His encouragement has worked — a handful of professors add extra hours in a classroom building to their schedules every semester, but they spend the time behind the desks rather than the lecterns.

“There are many reasons to encourage this, but perhaps most important is the need to cultivate a faculty instead of a pleasant but haphazard collection of isolated experts who occasionally bump into each other in a hallway,” Whalen said in an email. “By ‘a faculty,’ I mean a body of excellent teachers (and) scholars who have a largely common vision of the intellectual, moral, and spiritual good of undergraduate education and who are intellectually alert and interested in things beyond than their own expertise.”

This semester, Art Professor Barbara Bushey is taking Calculus, and she said she plans to take Calculus II next semester. Assistant Professor of Classics Laury Ward registered for Beginning French I with French Professor Anne Theobald.

“It has been delightful to refresh my conversational French through (Theobald’s) class, but the experience has also enriched my teaching through my observations of Dr. Theobald’s wonderful classroom presentations and my reflections on my own time as a student,” Ward said in an email.

Theobald herself has taken six classes since coming to Hillsdale in the fall of 2015: Western Heritage with History Professor Lucy Moye, France Since 1815 with History Professor Tom Conner, and four ballet classes with Holly Hobbs.

Like York’s return to photography, Theobald signed up for her ballet classes because she wanted to return to dance.

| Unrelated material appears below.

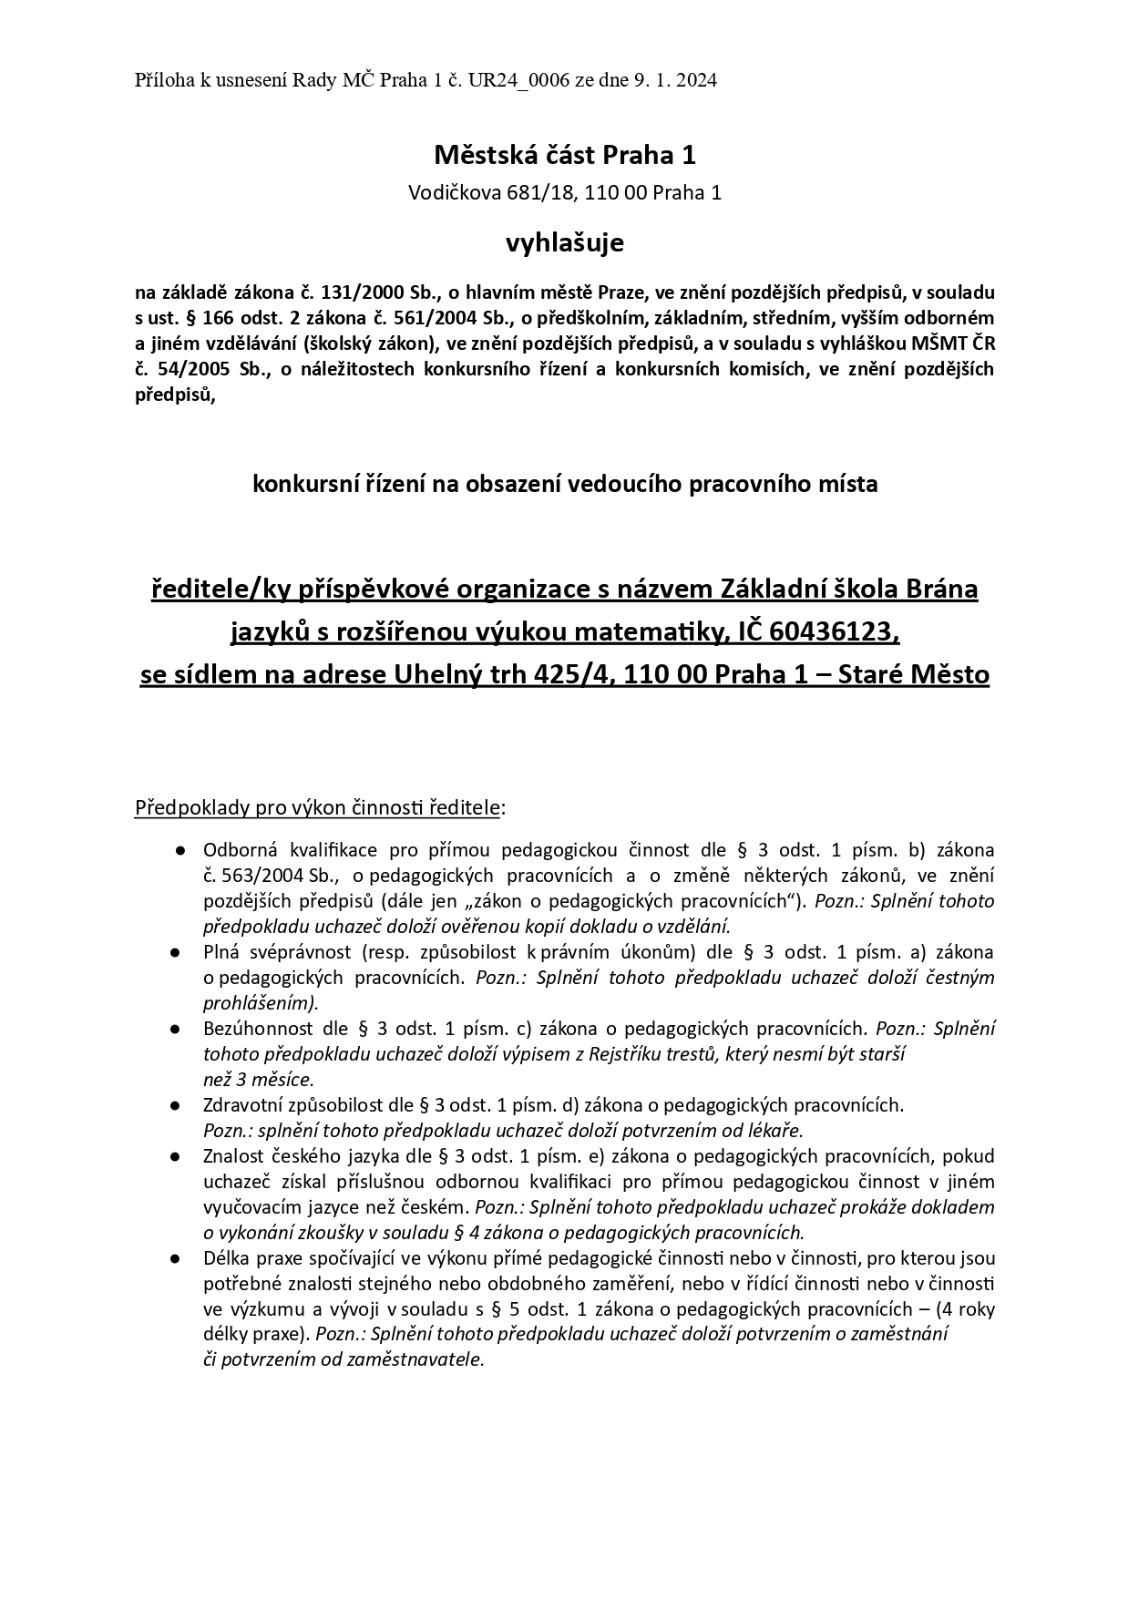 Konkursní řízení - ZŠ Brána jazyků.doc - Dokumenty Google_page-0001.jpg
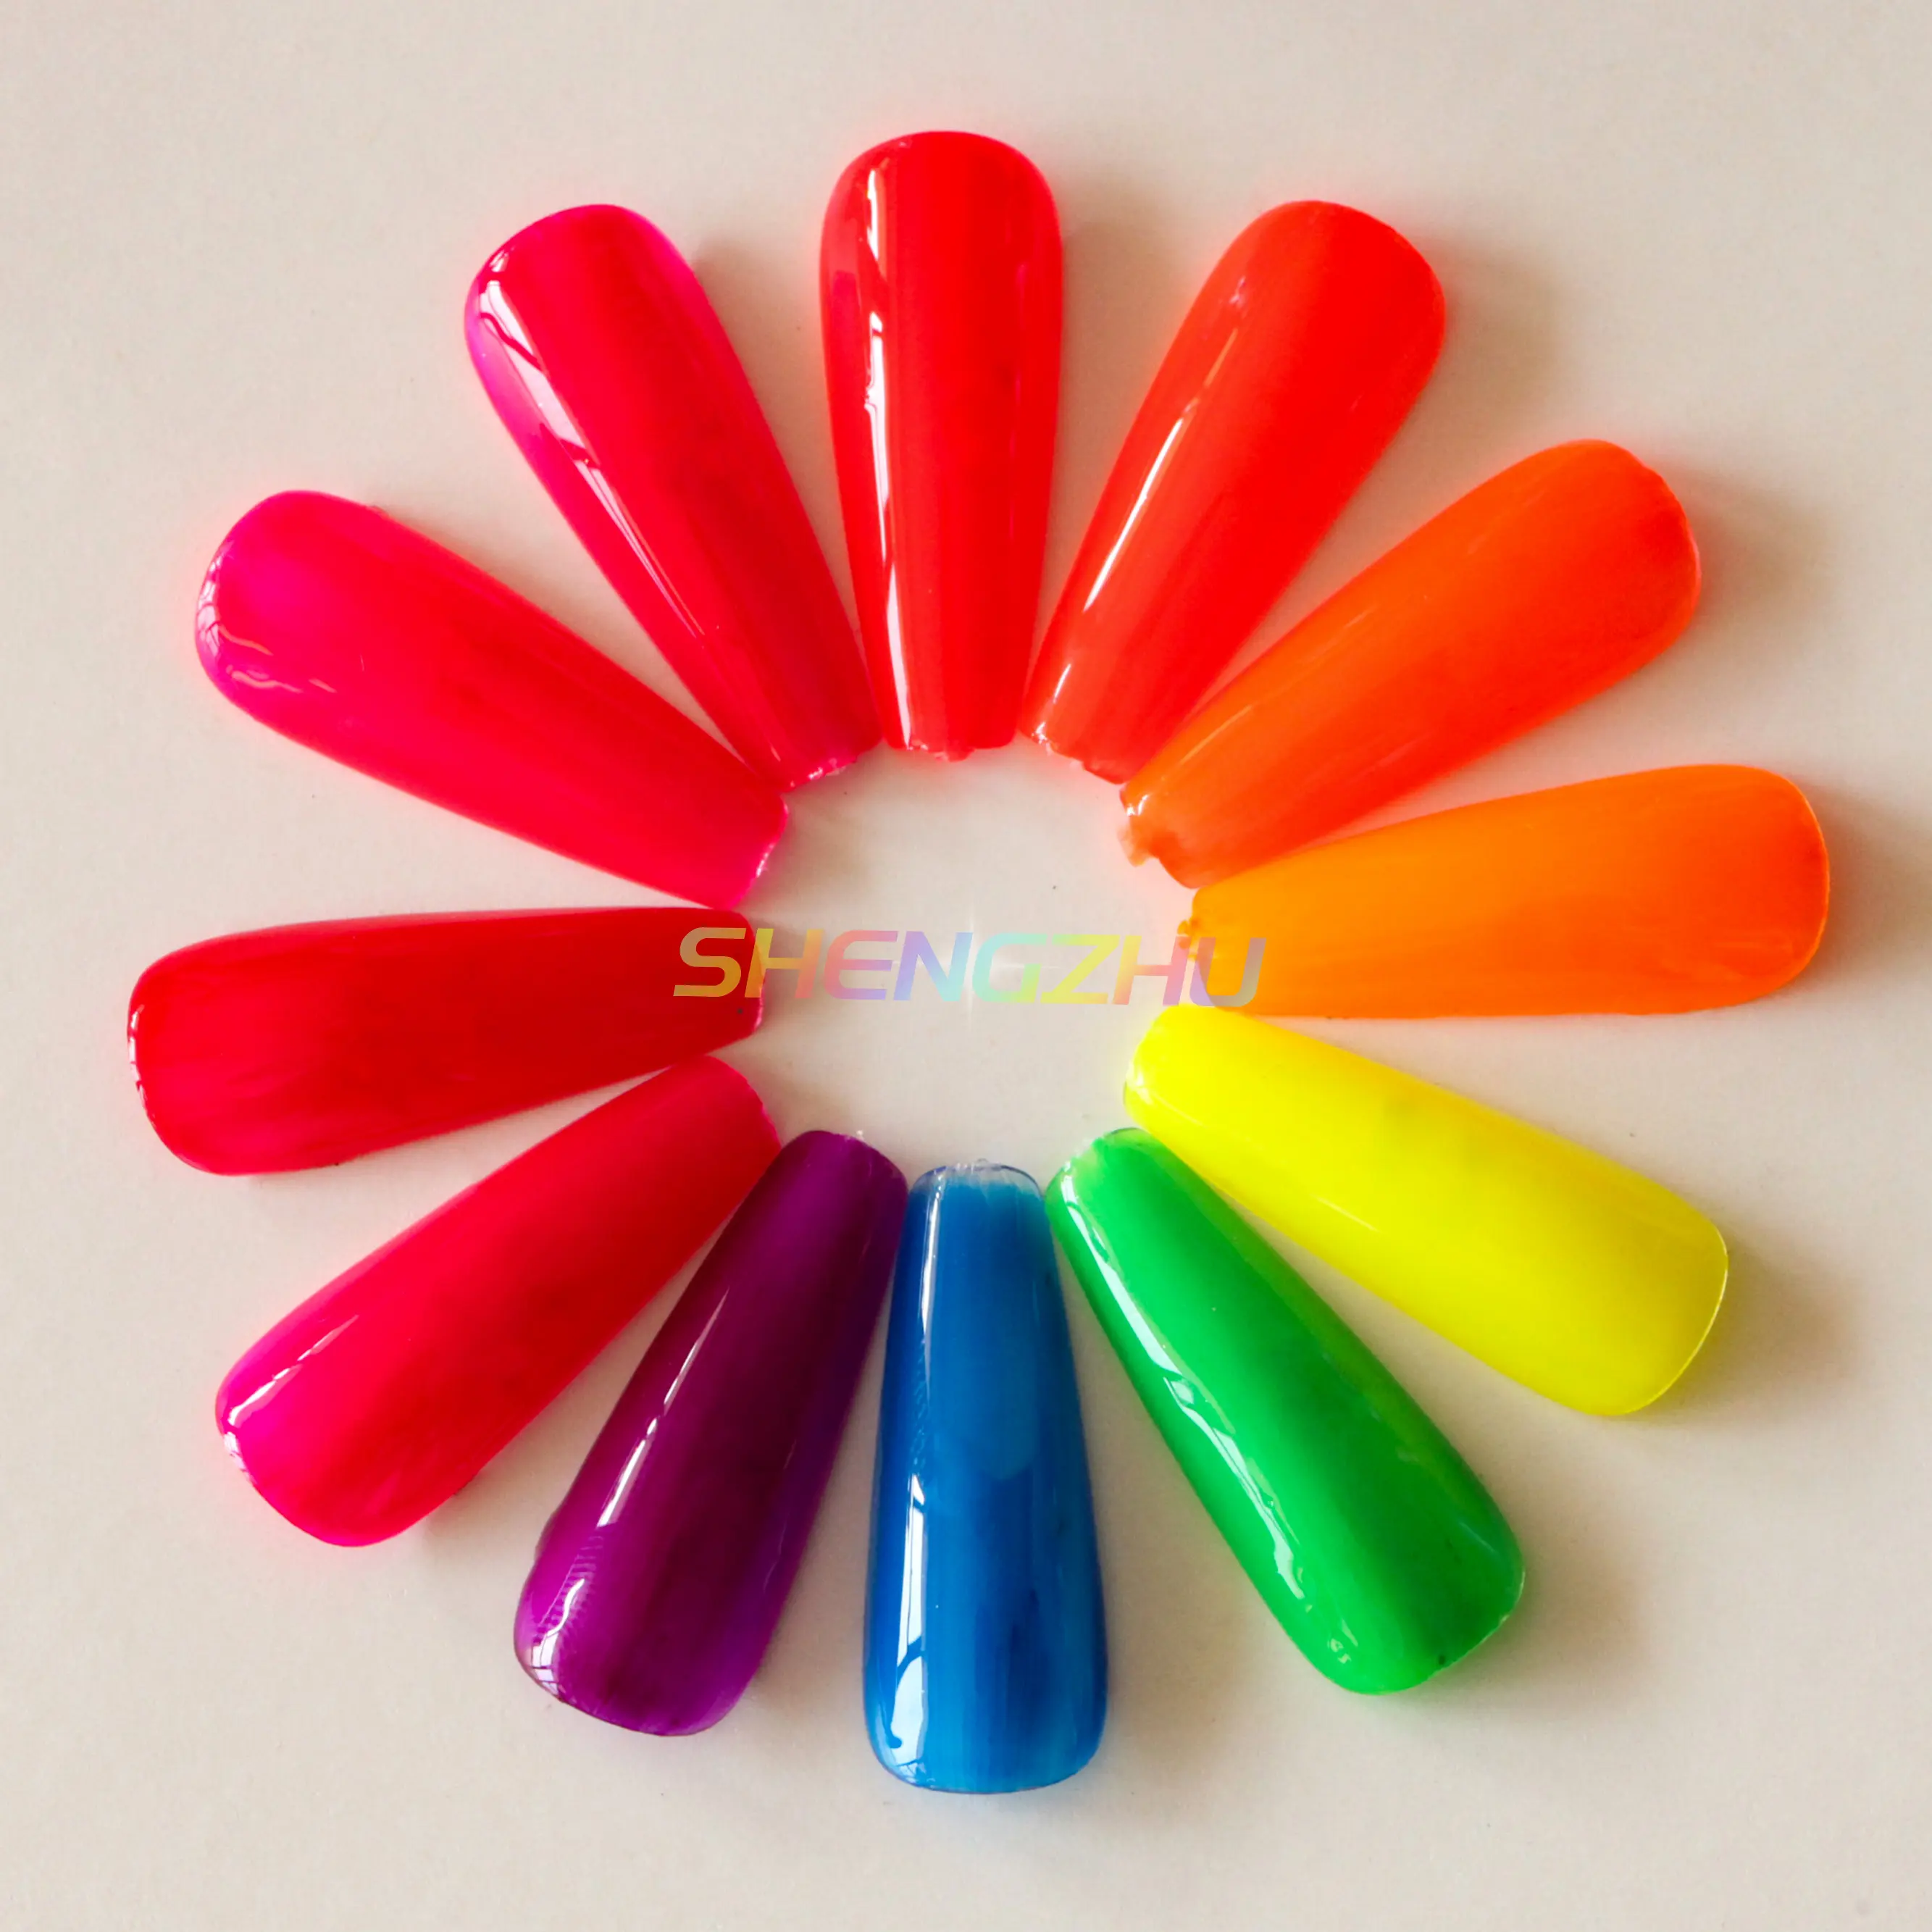 Tekstil için süper parlaklık Neon Pigment tozu/kumaş boyama balçık renklendirici epoksi reçine mat boya renkleri

While Theobald took France Since 1815 to sharpen her knowledge of French history (her specialty is in 17th-century French literature) and audited Western Heritage to experience a core class at Hillsdale, she wanted to observe both Moye’s and Conner’s teaching skills to improve her own.

“It was really valuable to observe Dr. Moye’s lectures as well as her interactions with students. Since I teach in French, it’s a different kind of exchange,” Theobald said in an email. “I wanted to take a class with Dr. Conner, to benefit both from his knowledge about French history and his teaching wisdom. He thought it would be the last time he would teach his class on France, so I jumped at the chance. That was a great experience, too.”